Enterprises must proactively break their own systems in a controlled way to prevent catastrophic failures. This practice, known as chaos engineering, is becoming essential in the complex world of cloud-native applications.

That was according to Sayan Mondal, a senior software engineer at software delivery platform Harness, who noted that developers, site reliability engineers (SREs) and IT operations teams have to get comfortable with chaos.

Speaking at the KubeCon + CloudNativeCon China 2025 conference in Hong Kong this week, Mondal, who is also a maintainer and community manager for Cloud Native Computing Foundation (CNCF) incubating project LitmusChaos, explained how deliberately injecting failure into systems can help to harden them against outages.

“There are cloud-native and distributed systems everywhere these days, with a lot of interdependent failures,” he said. “Cloud providers are not really 100% reliable, because you can get device failures, power supply outages and memory leaks.”

The financial and reputational damage from such outages can be costly. Mondal cited examples where a financial company lost over $55m due to a single infrastructure issue that prevented transactions from being processed, as well as a Slack outage caused by “a lot of logging” that took down the collaboration service for thousands of businesses.

Traditional testing only scratches the surface and typically involves just the application layer, he said.

“Rarely do we ever test the infrastructure or the underlying platform services,” said Mondal. “Chaos engineering specifically focuses on touching the bottom layers.”

A fire drill for your application Mondal described chaos engineering as “a fire drill that you do at the beginning of the delivery cycle, so that when the actual event happens, you are much more prepared”. It involves planning and simulating failures; using different types of faults to identify vulnerabilities; and understanding how systems fail so organisations can build more resilient systems. For DevOps and IT teams wondering where to begin, Mondal said they don’t have to start by breaking production systems. The journey can begin safely in a local environment using tools like K3s and Minikube, moving to staging and pre-production environments, and only then graduating to production once the team is comfortable. He introduced LitmusChaos as an open-source, cross-cloud framework that provides the “barebones minimum open-source chaos tooling”, which can be paired with other plugins for monitoring and multi-tenancy. With over two million installations, it provides a rich set of features for fault injection, experiment management and observability. The core of LitmusChaos is built on three custom resource definitions (CRDs): ChaosExperiment: The blueprint of the fault, defining what you are injecting.

ChaosEngine: The user-defined tuning for the experiment, defining how you are running it, including duration and specific parameters.
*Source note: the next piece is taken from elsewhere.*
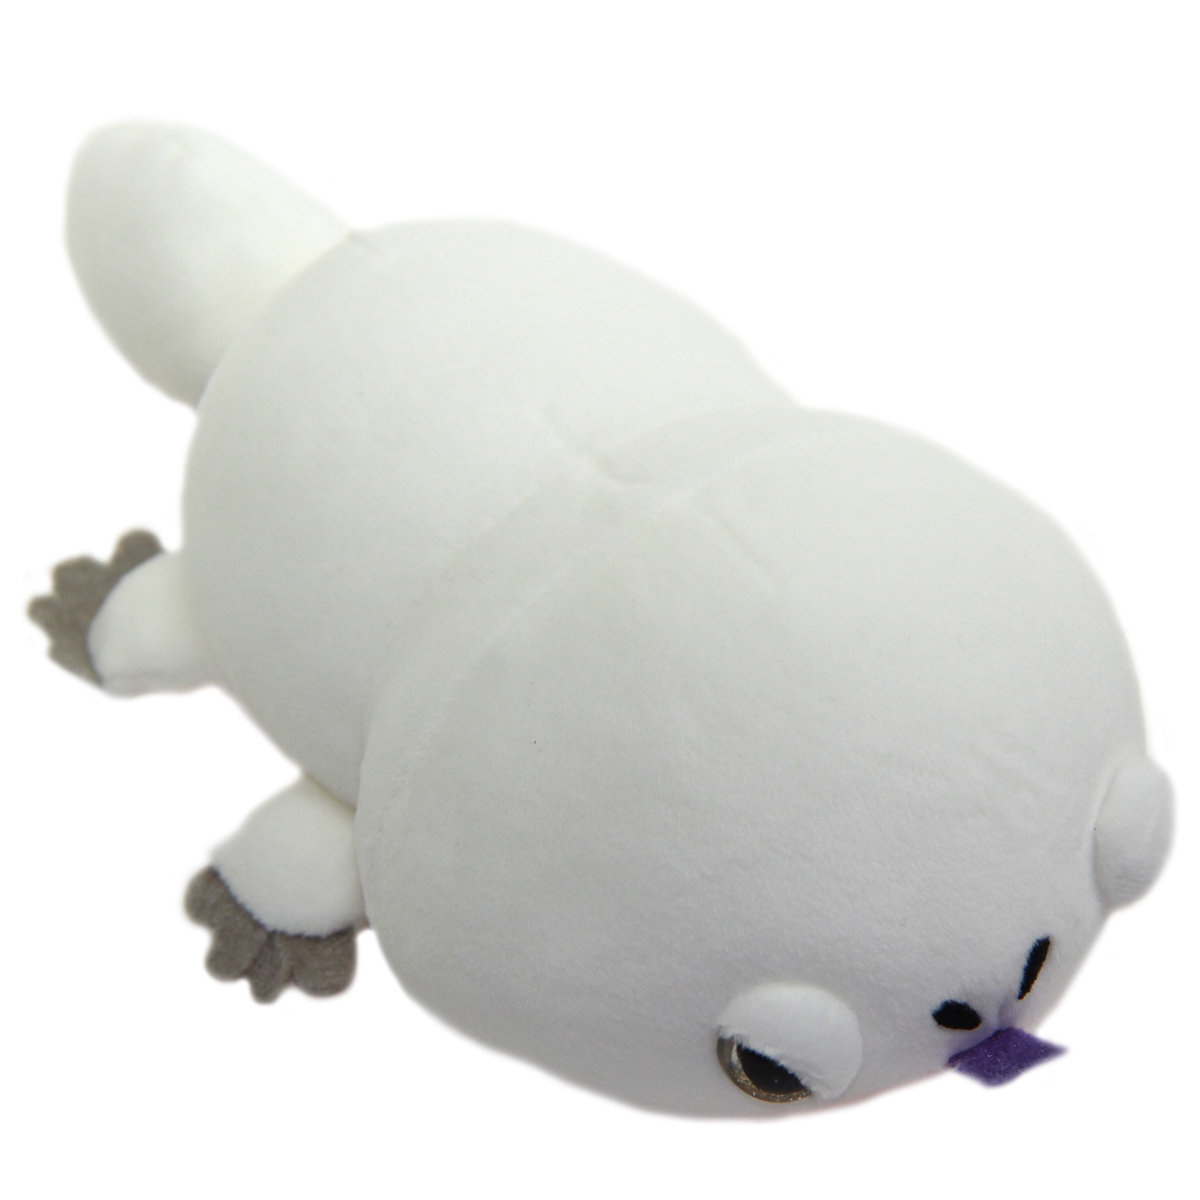 Albino Gecko Plush Collection Lizard Plush Toy Super Soft Stuffed Animal White 9 Inches

ChaosResult: The output of the experiment, detailing what happened and what was learned. During a demonstration, Mondal used LitmusChaos to target the product catalogue microservice of a sample e-commerce application. By running a “pod-delete” fault, he showed how the application’s product listings vanished and then how Kubernetes, through its own resilience mechanisms, brought the service back online. This simple experiment demonstrated how teams can verify the resilience of their services and understand their behaviour under stress.